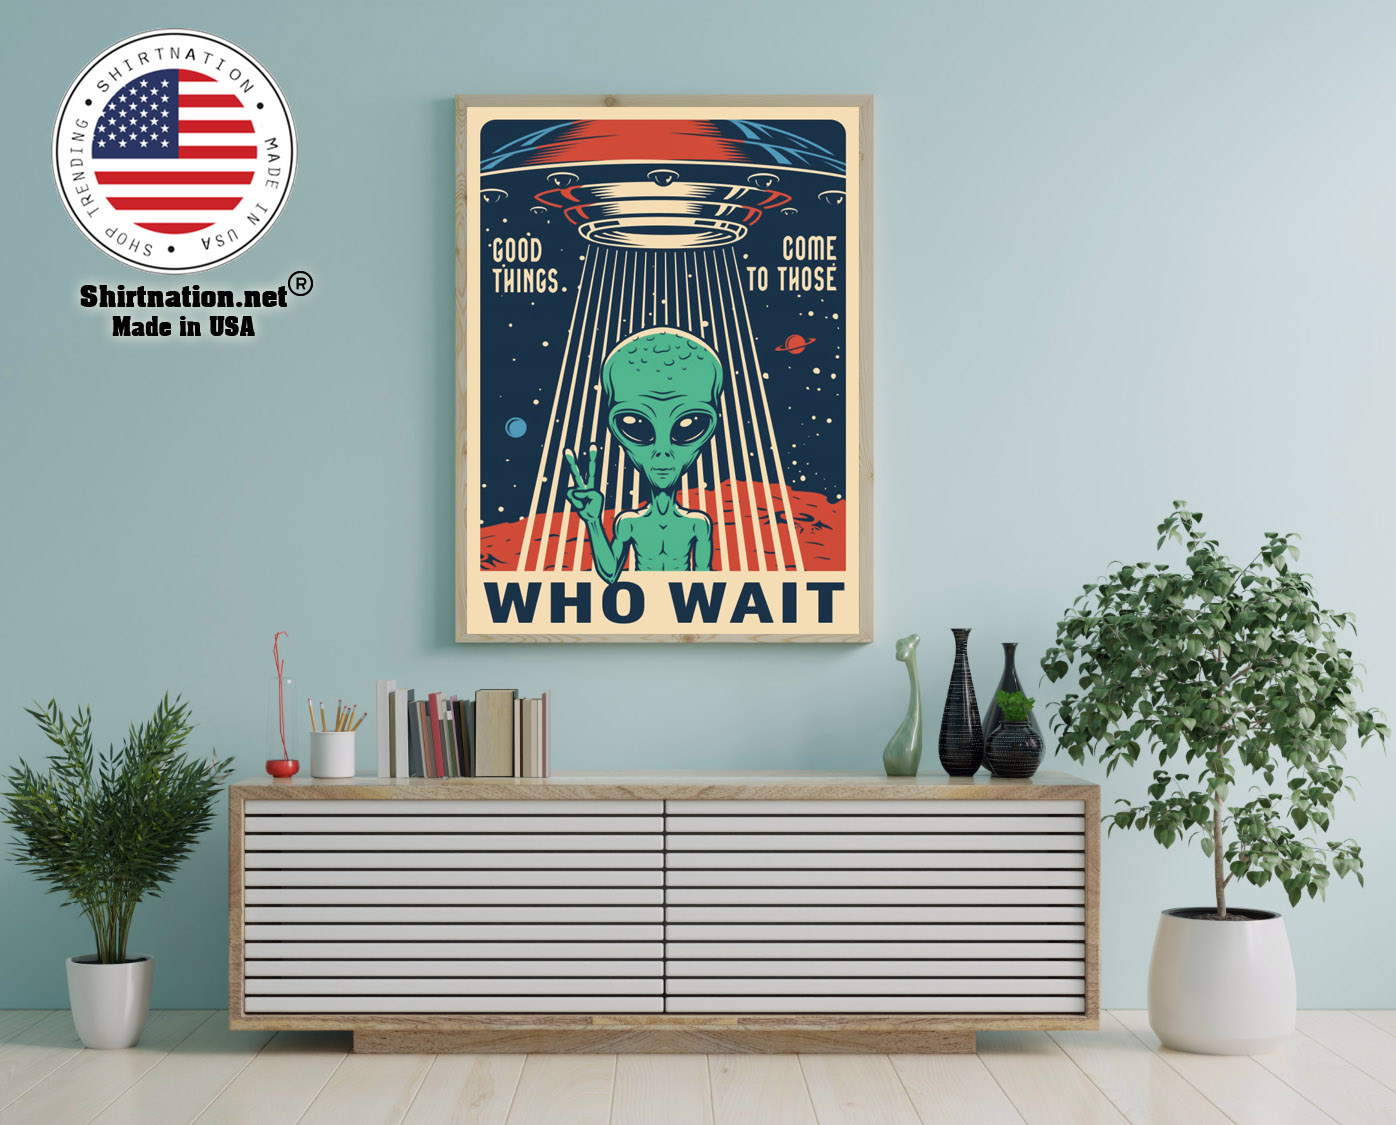 Alien Good things come to those who wait poster 14
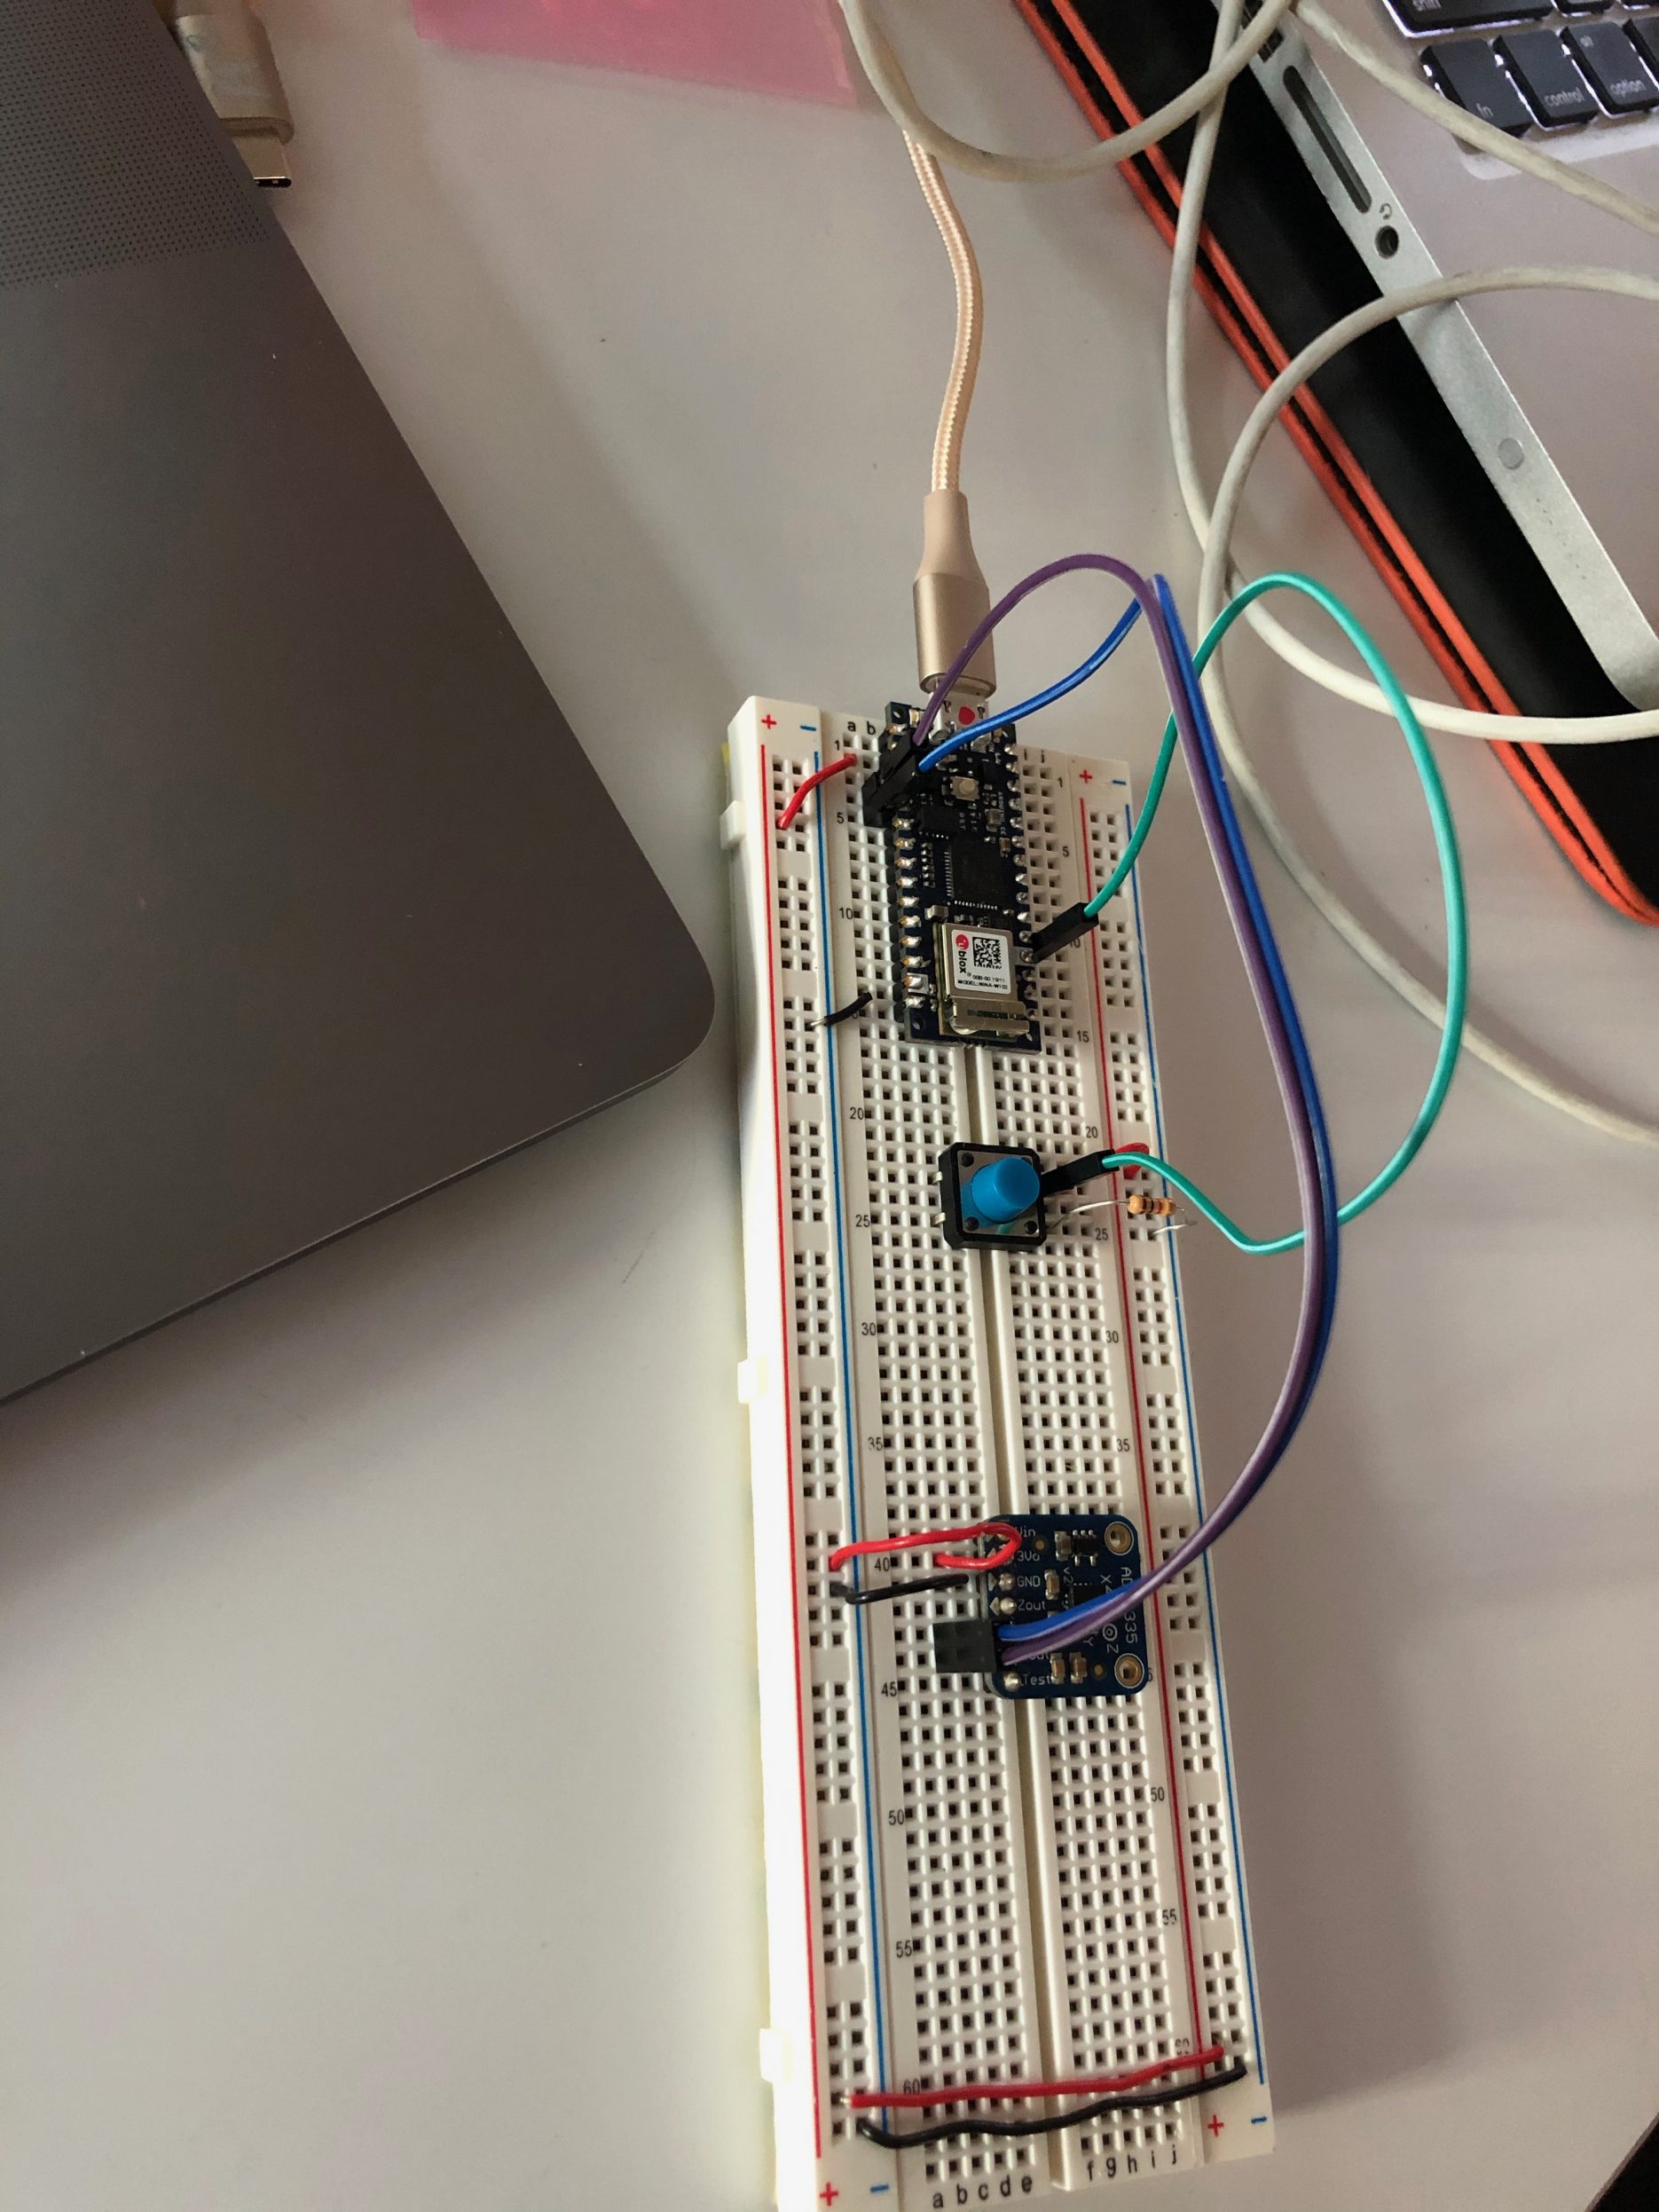 Breadboard setup with accelerometer and button.
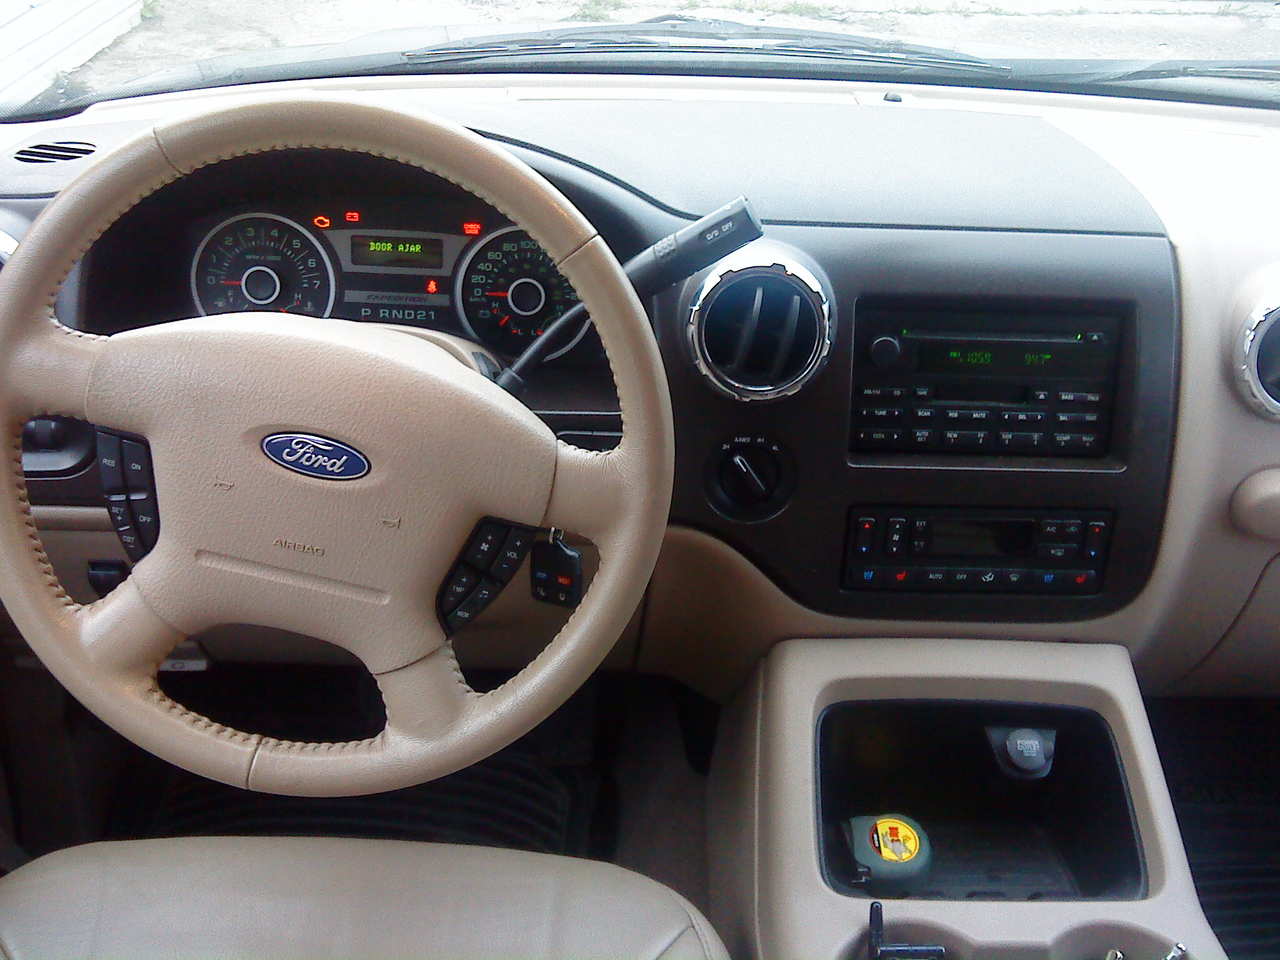 2005 Ford expedition transmission for sale
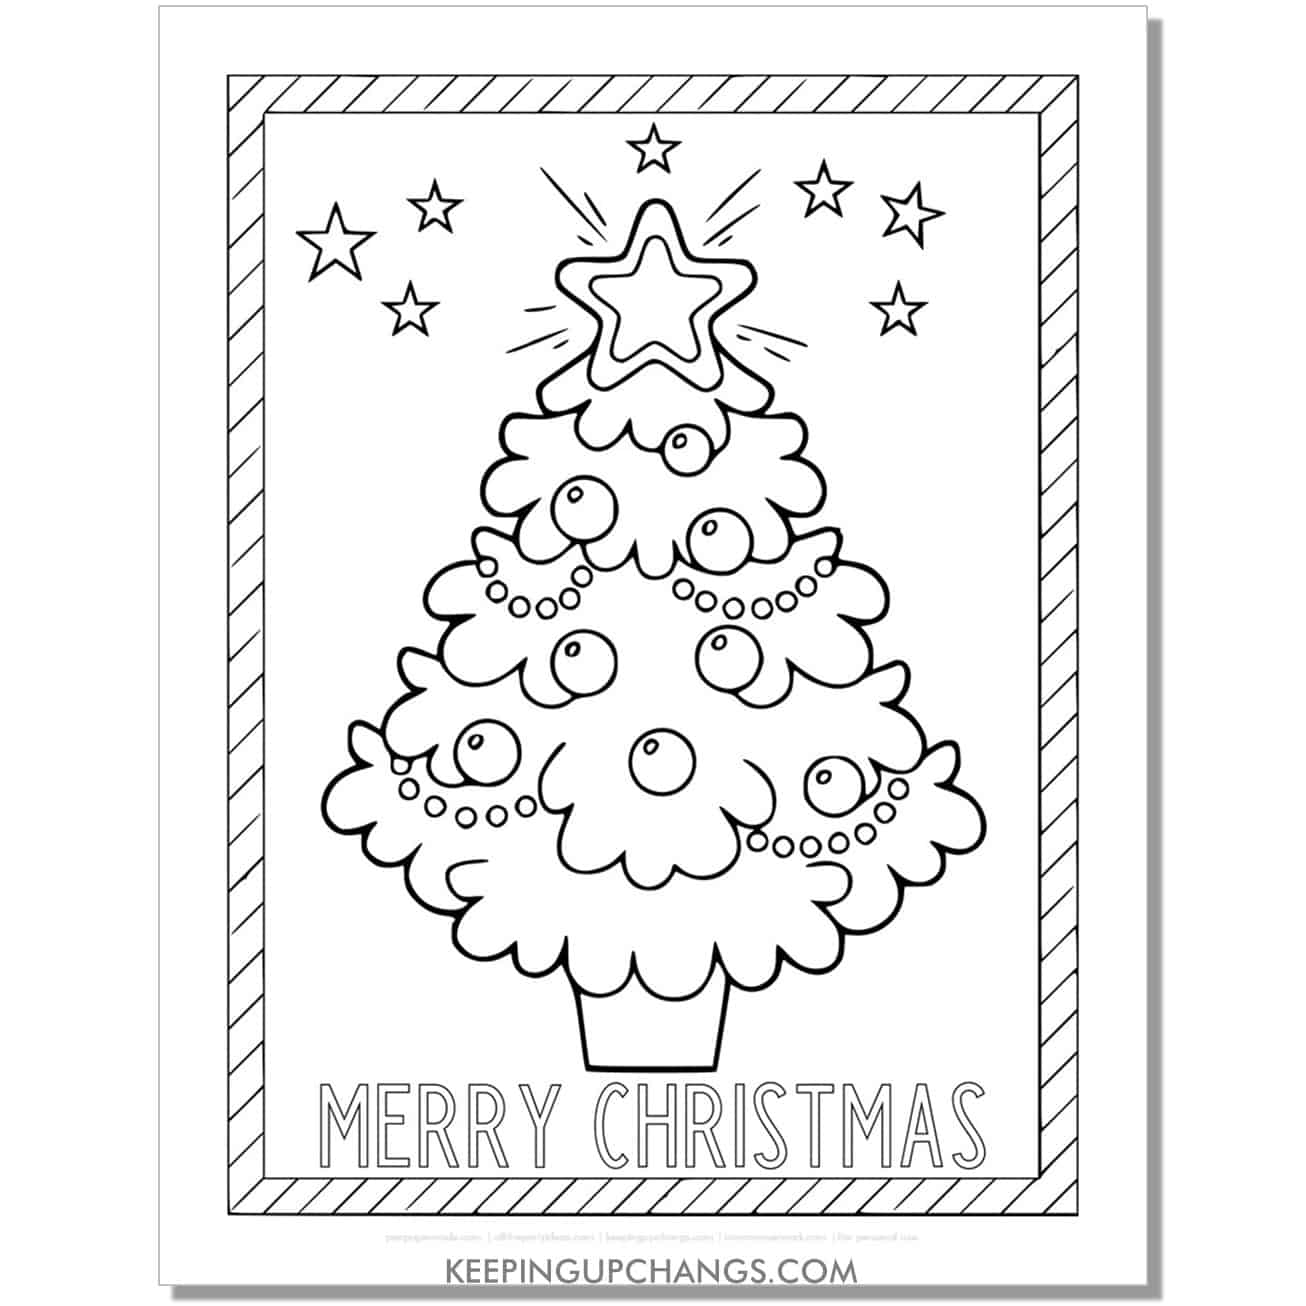 https://keepingupchangs.com/wp-content/uploads/free-full-size-merry-christmas-tree-coloring-page-colouring-sheet.jpg

## What you will do
Please keep every line of the data the same when you reproduce it, and keep every picture out.

## Result of this exercise
 Alien Good things come to those who wait poster 14
 Breadboard setup with accelerometer and button.
 2005 Ford expedition transmission for sale
 https://keepingupchangs.com/wp-content/uploads/free-full-size-merry-christmas-tree-coloring-page-colouring-sheet.jpg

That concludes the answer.